#### [Aim of the exercise]
Each line of the entries below that holds "with" is needed, copied in full.

#### [Provided records]
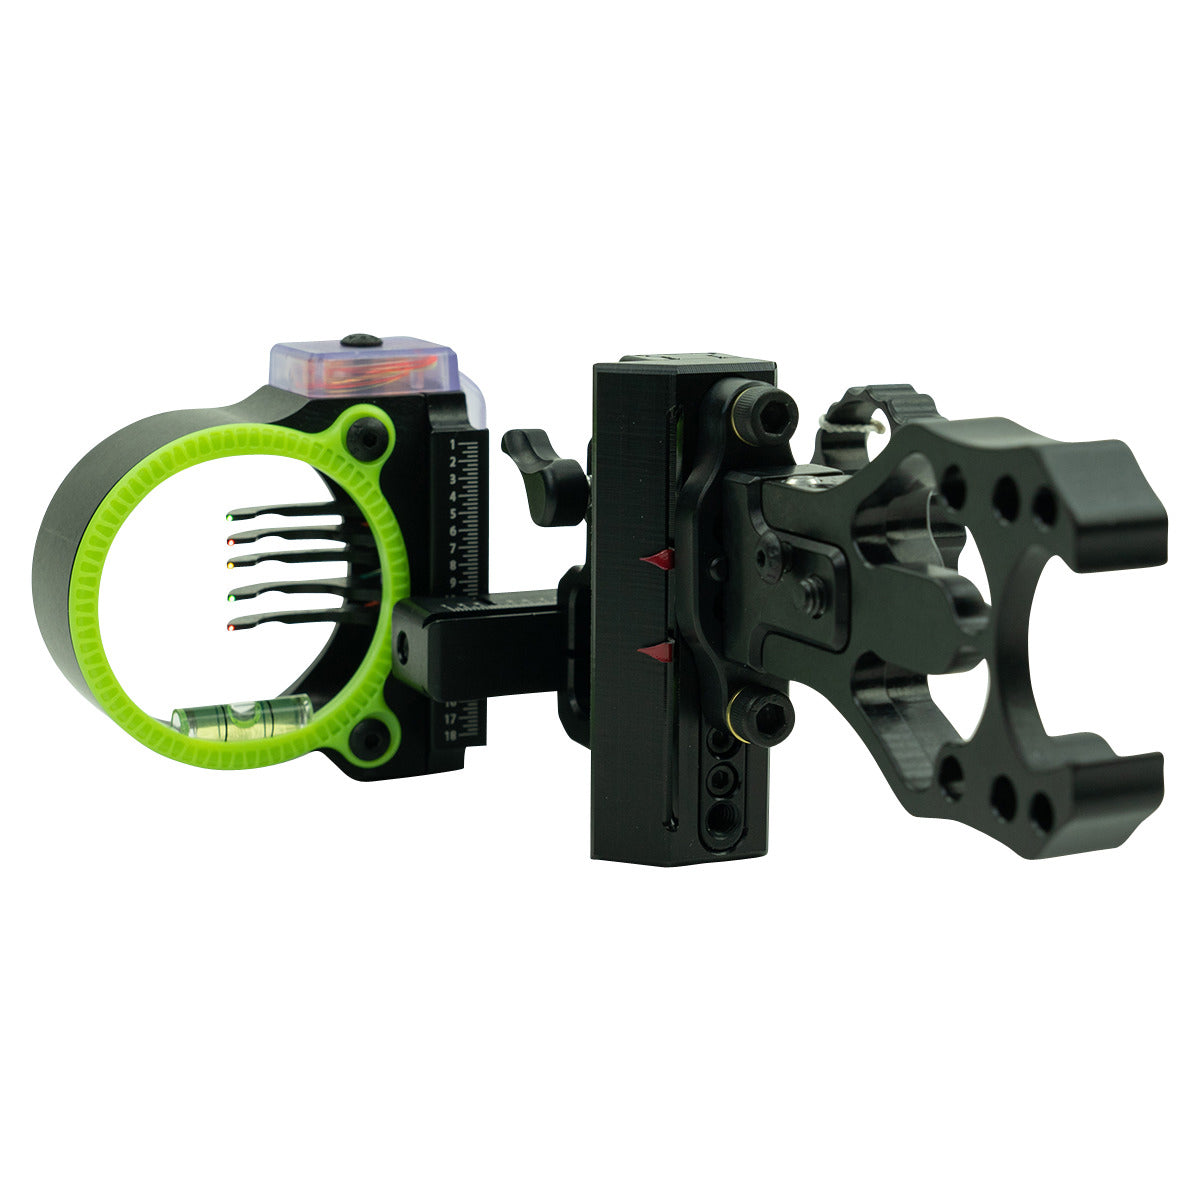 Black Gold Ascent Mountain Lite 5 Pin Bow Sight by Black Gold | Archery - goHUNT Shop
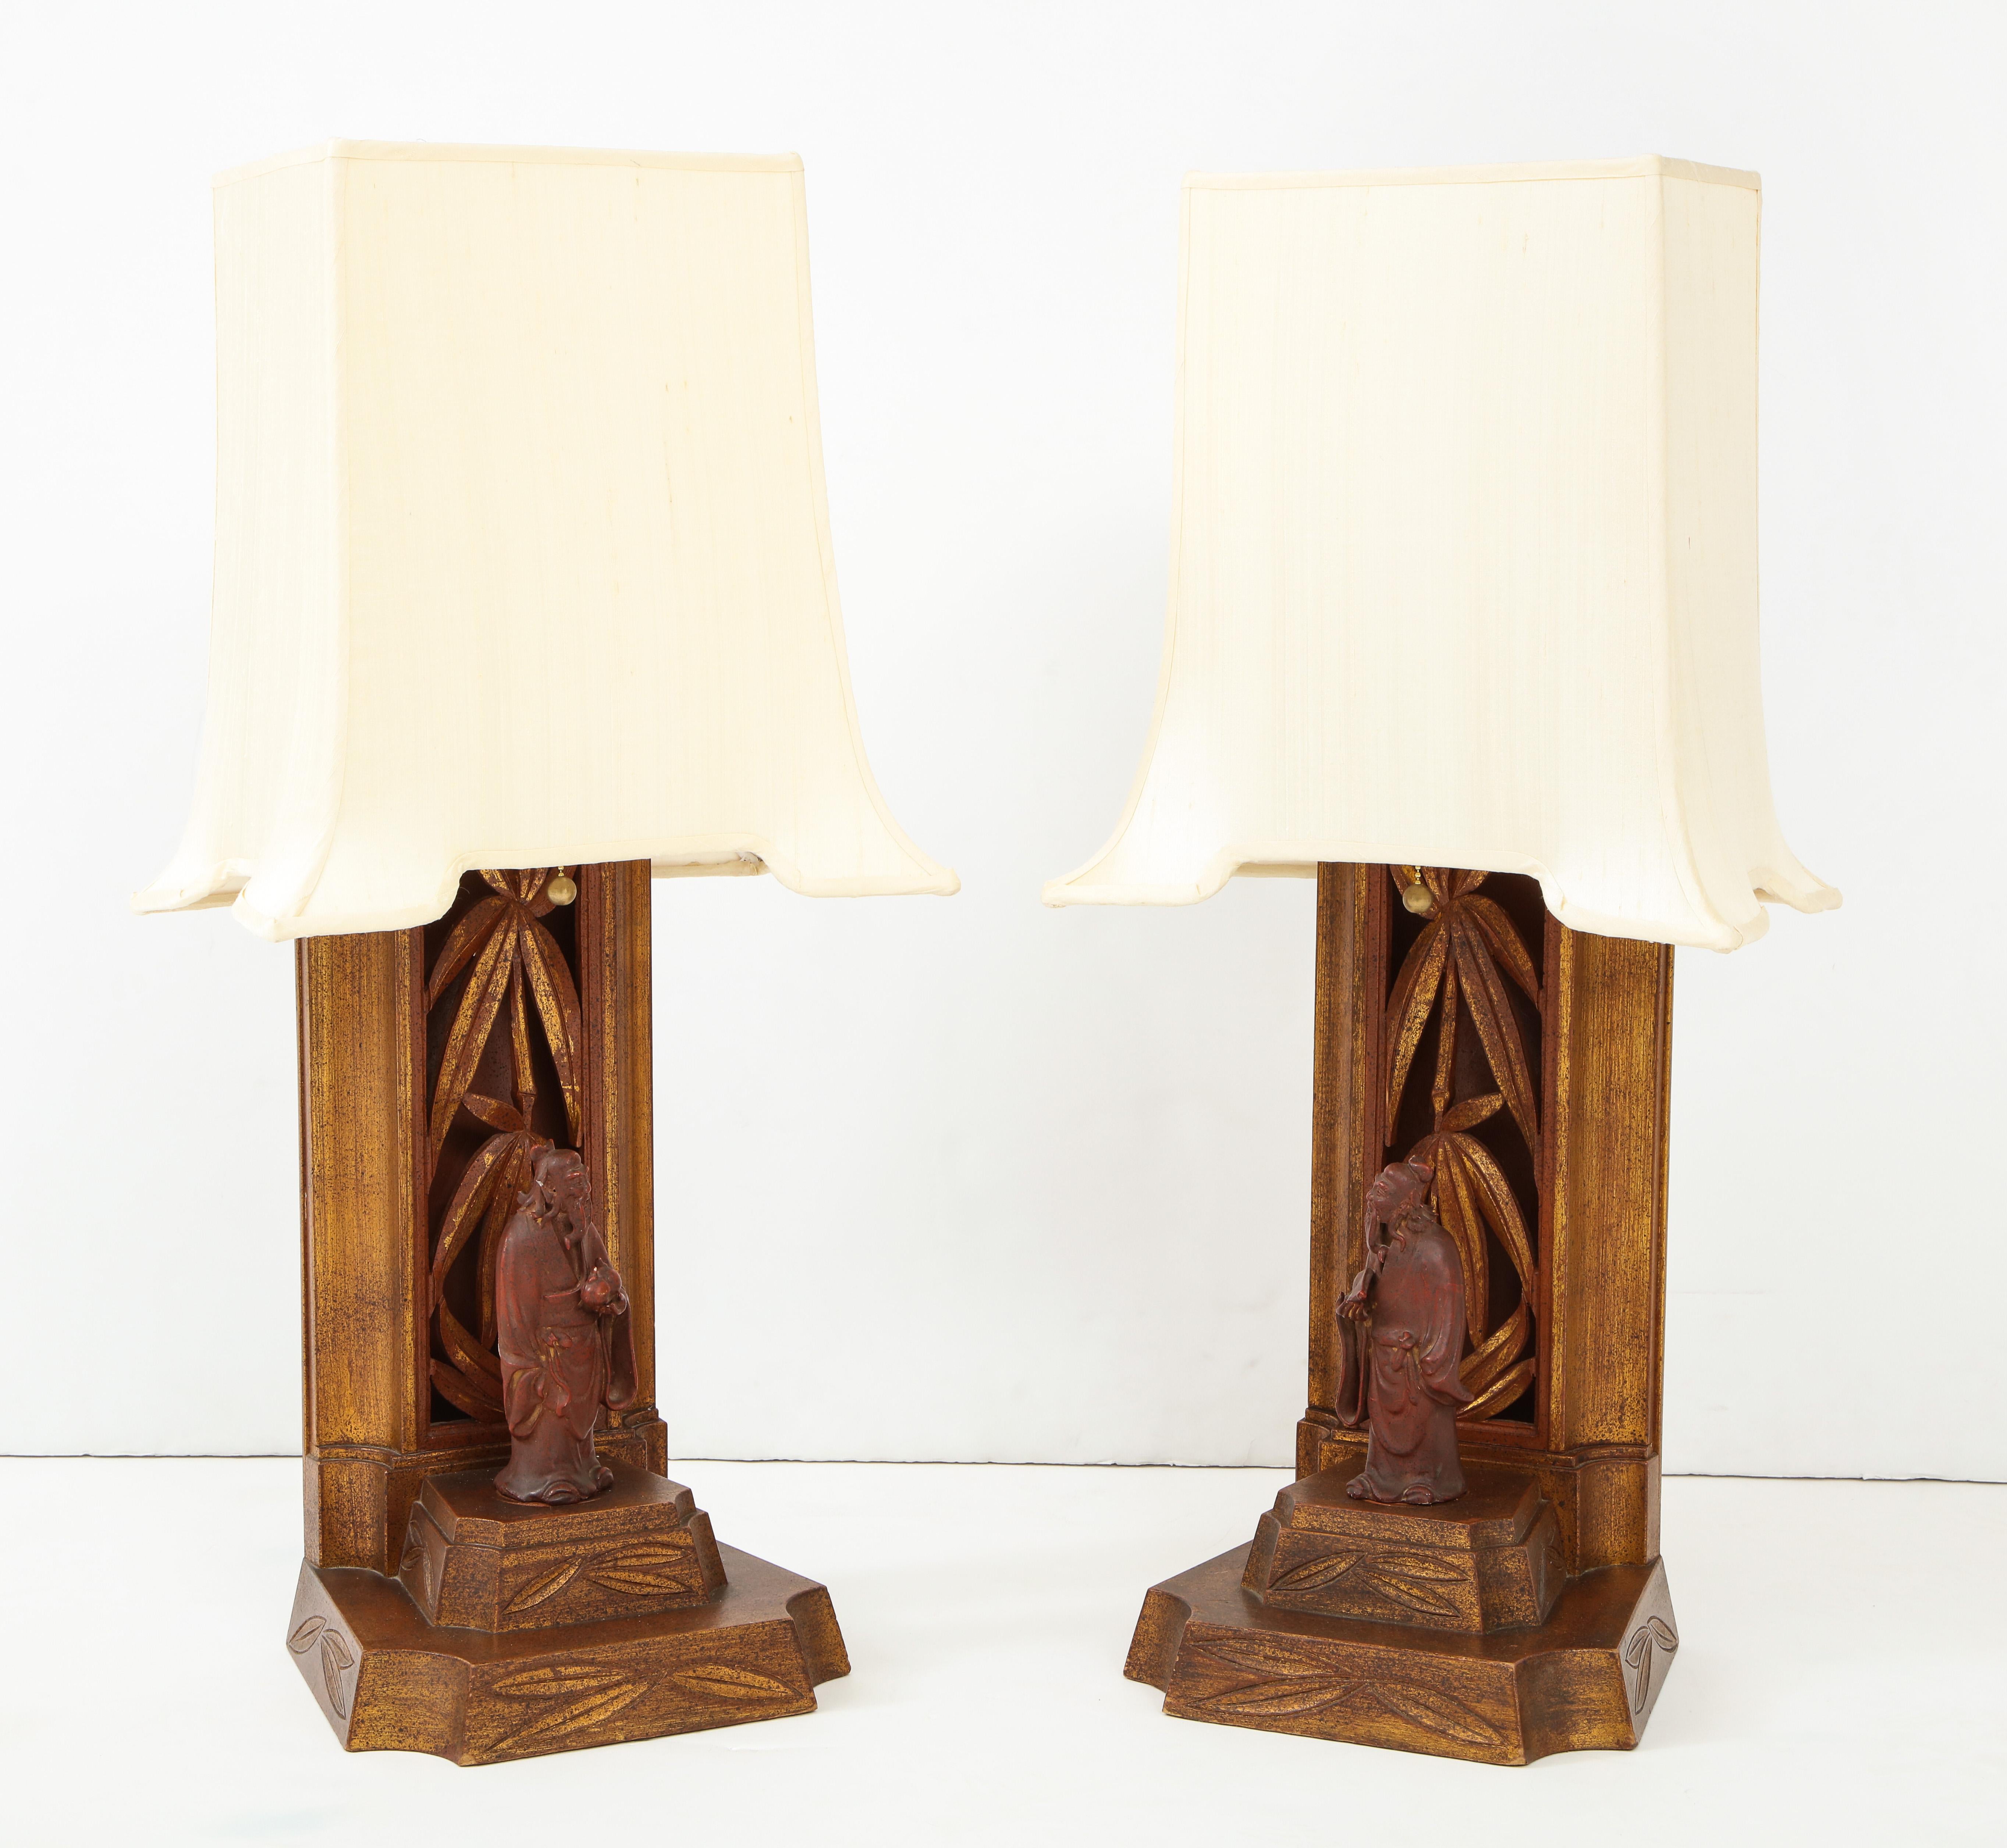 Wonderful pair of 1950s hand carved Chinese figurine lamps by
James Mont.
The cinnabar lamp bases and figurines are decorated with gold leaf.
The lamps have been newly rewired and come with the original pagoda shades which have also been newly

...

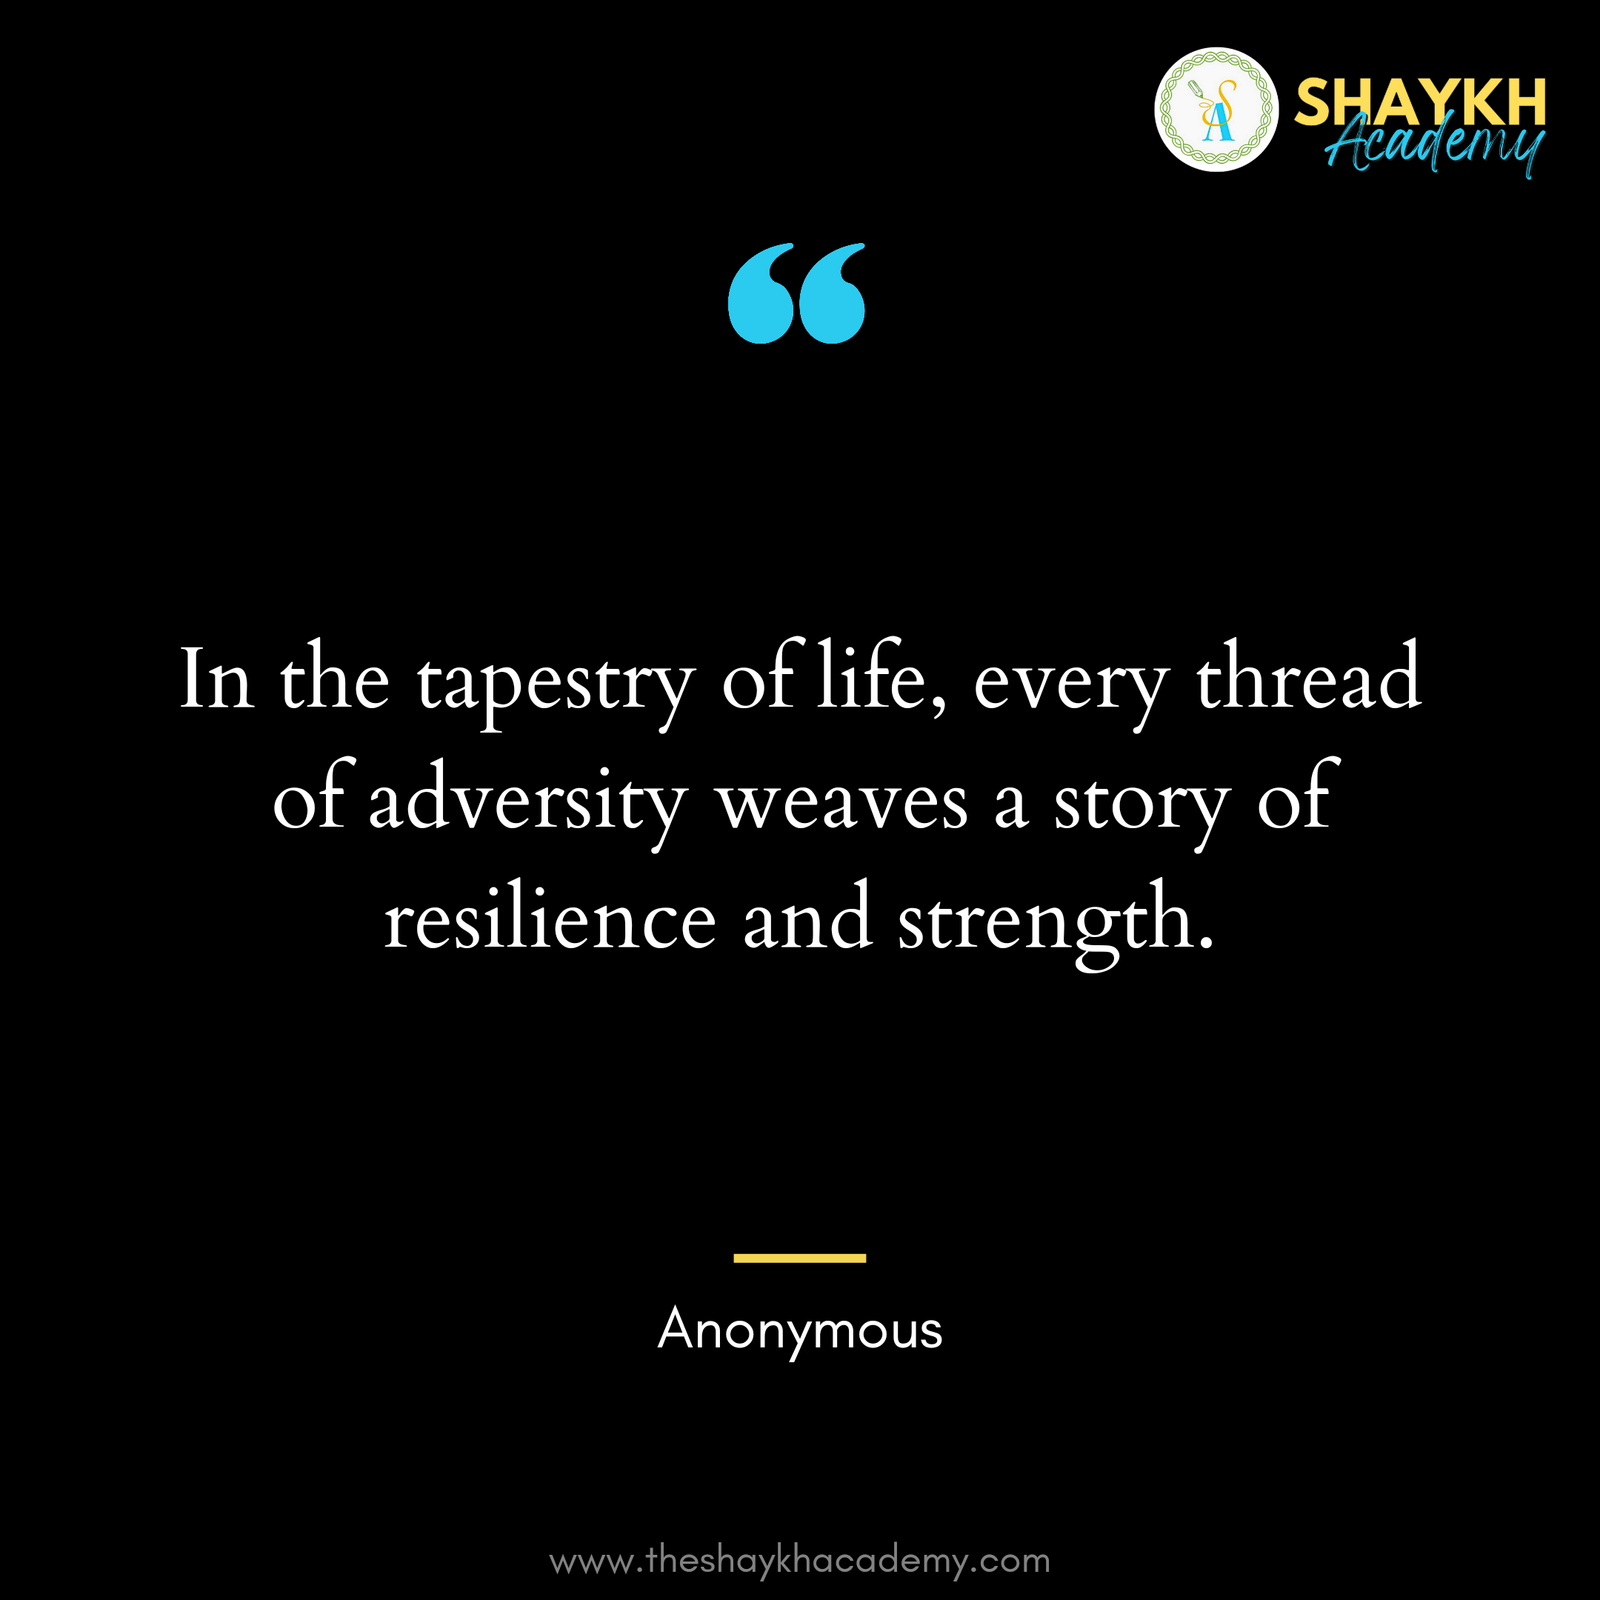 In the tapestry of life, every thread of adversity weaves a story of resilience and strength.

...

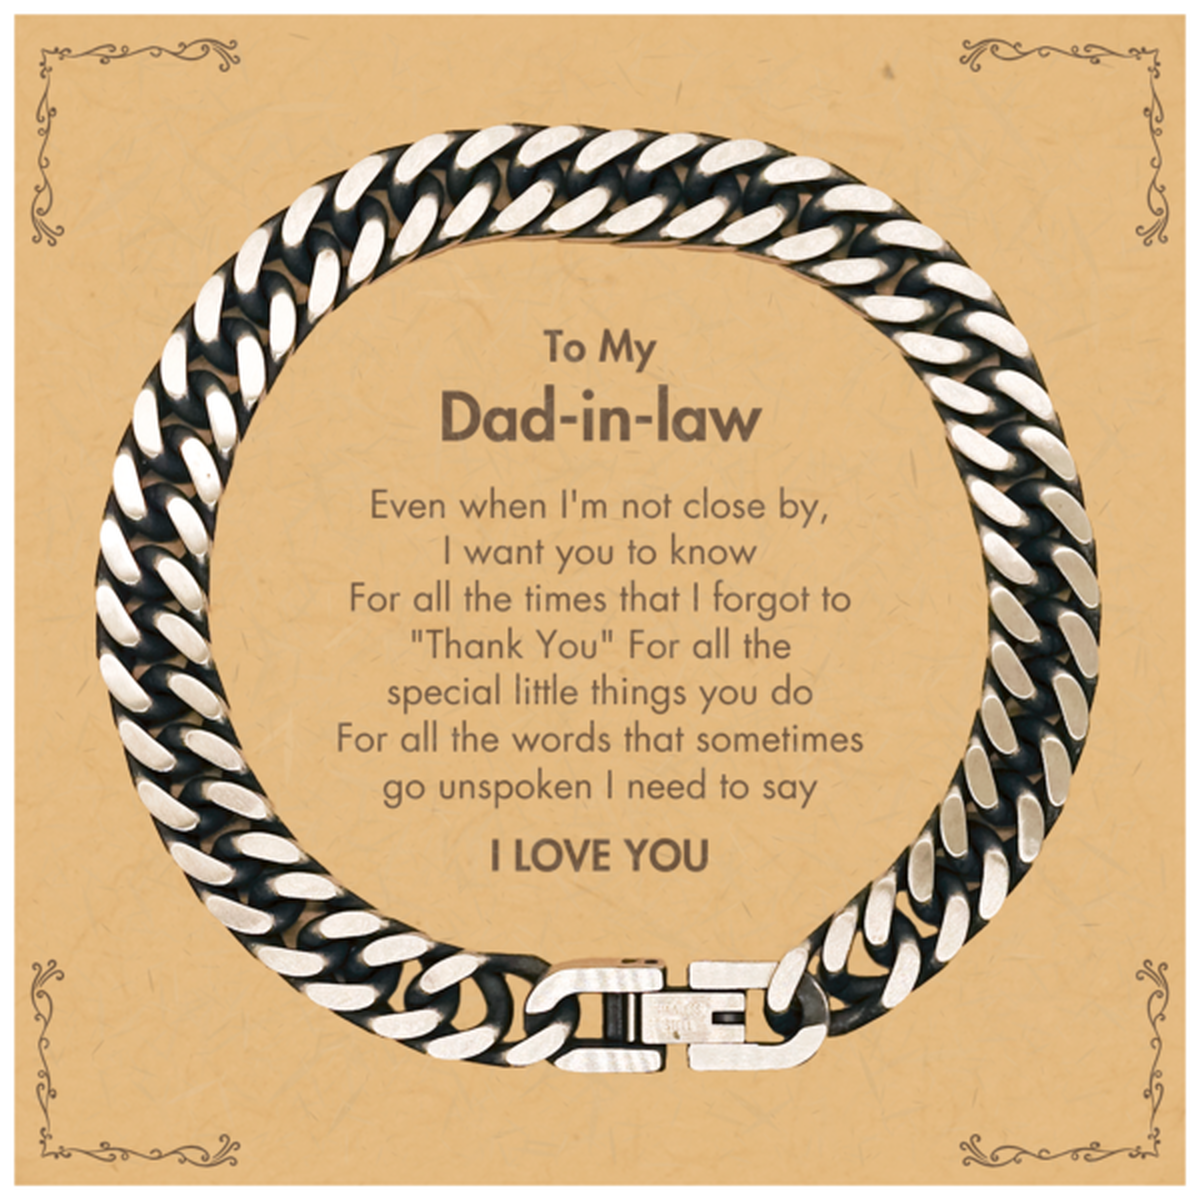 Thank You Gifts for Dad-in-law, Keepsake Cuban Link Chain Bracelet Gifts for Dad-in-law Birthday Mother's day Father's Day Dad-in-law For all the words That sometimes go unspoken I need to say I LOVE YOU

#### [Answer below]
The cinnabar lamp bases and figurines are decorated with gold leaf.
The lamps have been newly rewired and come with the original pagoda shades which have also been newly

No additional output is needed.